We present a generalization of the meshfree method for incompressible elasticity developed in Ortiz et al. . We begin with the classical u-p mixed formulation of incompressible elasticity and proceed to eliminate the pressure parameter using a volume-averaged nodal projection technique. This results in a family of projection methods of the type T_p/T_p-1, where T_p is an approximation space of polynomial order p over a background mesh of triangles or tetrahedra for integration of the weak form integrals. These methods are particularly robust on low-order tetrahedral meshes. Our framework is generic with respect to the type of meshfree basis function used and reduces to various types of existing finite element methods such as B-bar and nodal-pressure techniques.

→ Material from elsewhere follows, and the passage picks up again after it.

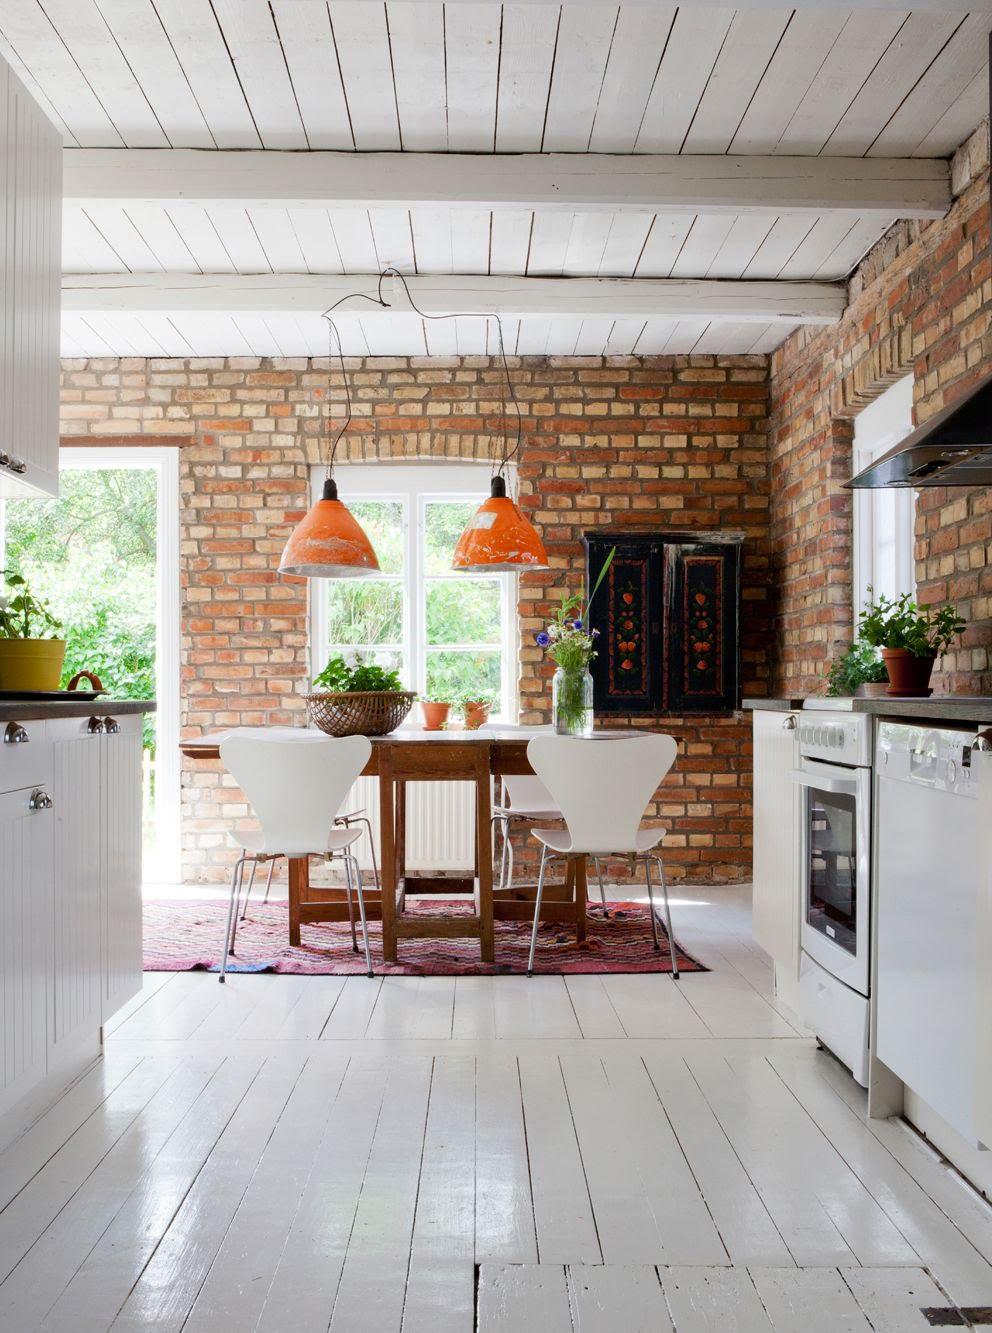 cegła w kuchni, cegła na ścianie, cegła w kawiarni, ściana z cegły, kuchnia, kitchen, design, kitchen design, styl prowansalski, kuchnia w stylu prowansalskim, kuchnia w stylu skandynawskim, scandinavian kitchen, scandi kitchen, skandynawska kuchnia, biała kuchnia z brązowymi blatami, biała kuchnia z drewnianymi blatami, drewniany blat w kuchni, biało drewniania kuchnia

As a particular example, we use maximum-entropy basis functions to build a scheme T_1+/T_1 with the displacement field being enriched with bubble-like functions for stability. The flexibility of the nodal placement in meshfree methods allows us to demonstrate the importance of this bubble-like enrichment for stability; with no bubbles the pressure field is liable to oscillations, whilst with bubbles the oscillation is eliminated. Interestingly, however, with half the bubbles removed, a scheme we call T_1*/T_1, certain undesirable tendencies of the full bubble scheme in the numerical integration of the weak integrals are also eliminated. For high-order approximations, we use the RPIM basis functions up to order three in the scheme T_p*/T_p-1, where the effect of the bubble is highlighted as a mechanism for pressure oscillation stabilization. The so-devised method has important applications in linear and nonlinear incompressible elasticity as well as in incompressible fluids.
A. Ortiz, M. A. Puso and N. Sukumar, Maximum-entropy meshfree method for compressible and near-incompressible elasticity, Computer Methods in Applied Mechanics and Engineering, Vol. 199, pp. 1859–1871, 2010.